12345678 is the worst password then in terms of security but best password in terms of memorization

still curious about 111222333444555666777888999 password though
Would be cracked almost instantly

Not long because I found this in one of my bad lists.

Also I believe this was in one of the default wordlists you can get with kali

Rilene

A Medic wrote:

Rilene wrote:

12345678 is the worst password then in terms of security but best password in terms of memorization

still curious about 111222333444555666777888999 password though
Would be cracked almost instantly

Not long because I found this in one of my bad lists.

Also I believe this was in one of the default wordlists you can get with kali

wow, then plain numeric password is a bad password
sottovoce
Does anyone bother to brute force passwords? I doubt it, you are very unlikely to be targetted like this, the attacker has to specifically pick you, know your account name, and circumvent whatever measures are put in place to stop it. For example, you'll often be locked out of an account after failing the password several times in a row. On top of this, it takes a massive amount of computing power to do efficiently.
Unless you have reason to suspect you might be targetted, I wouldn't spend even 1 second worrying about being bruteforced. Someone better REALLY want to play on your osu! account. ;)

You're far more likely to fall victim to a database leak or a keylogger.
You can check if your information has been leaked here: https://haveibeenpwned.com/
Rilene

sottovoce wrote:

Does anyone bother to brute force passwords? I doubt it, you are very unlikely to be targetted like this, the attacker has to specifically pick you, know your account name, and circumvent whatever measures are put in place to stop it.
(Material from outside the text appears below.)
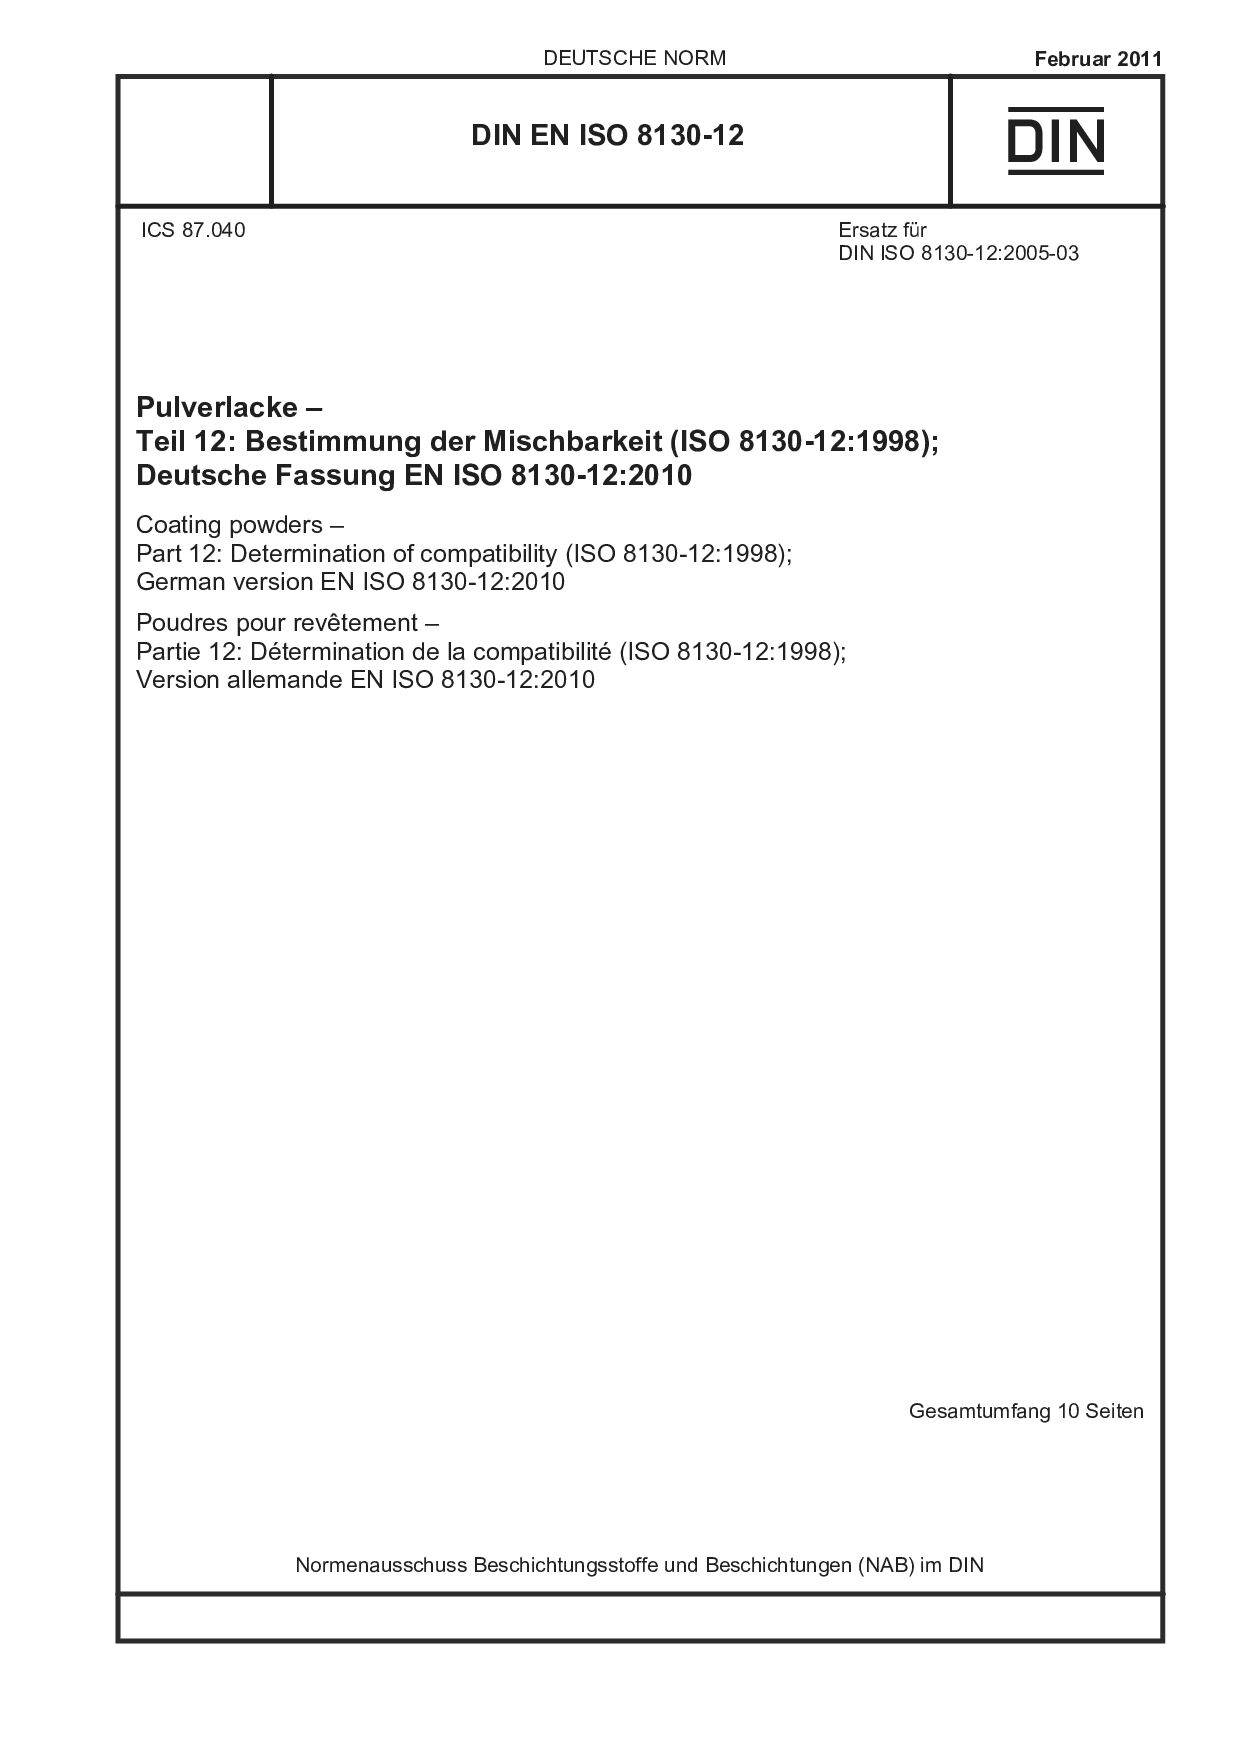 DIN EN ISO 8130-12:2011

For example, you'll often be locked out of an account after failing the password several times in a row. On top of this, it takes a massive amount of computing power to do efficiently.
Unless you have reason to suspect you might be targetted, I wouldn't spend even 1 second worrying about being bruteforced. Someone better REALLY want to play on your osu! account. ;)

You're far more likely to fall victim to a database leak or a keylogger.
You can check if your information has been leaked here: https://haveibeenpwned.com/
Being targetted on osu! is unlikely but if you are a celebrity on social networks or you have a extremely sensitive and important data.
They will likely to hack you and brute-forcing hacking works better on offline, by that it means... Computer directly to computer, not computer to computer over the internet.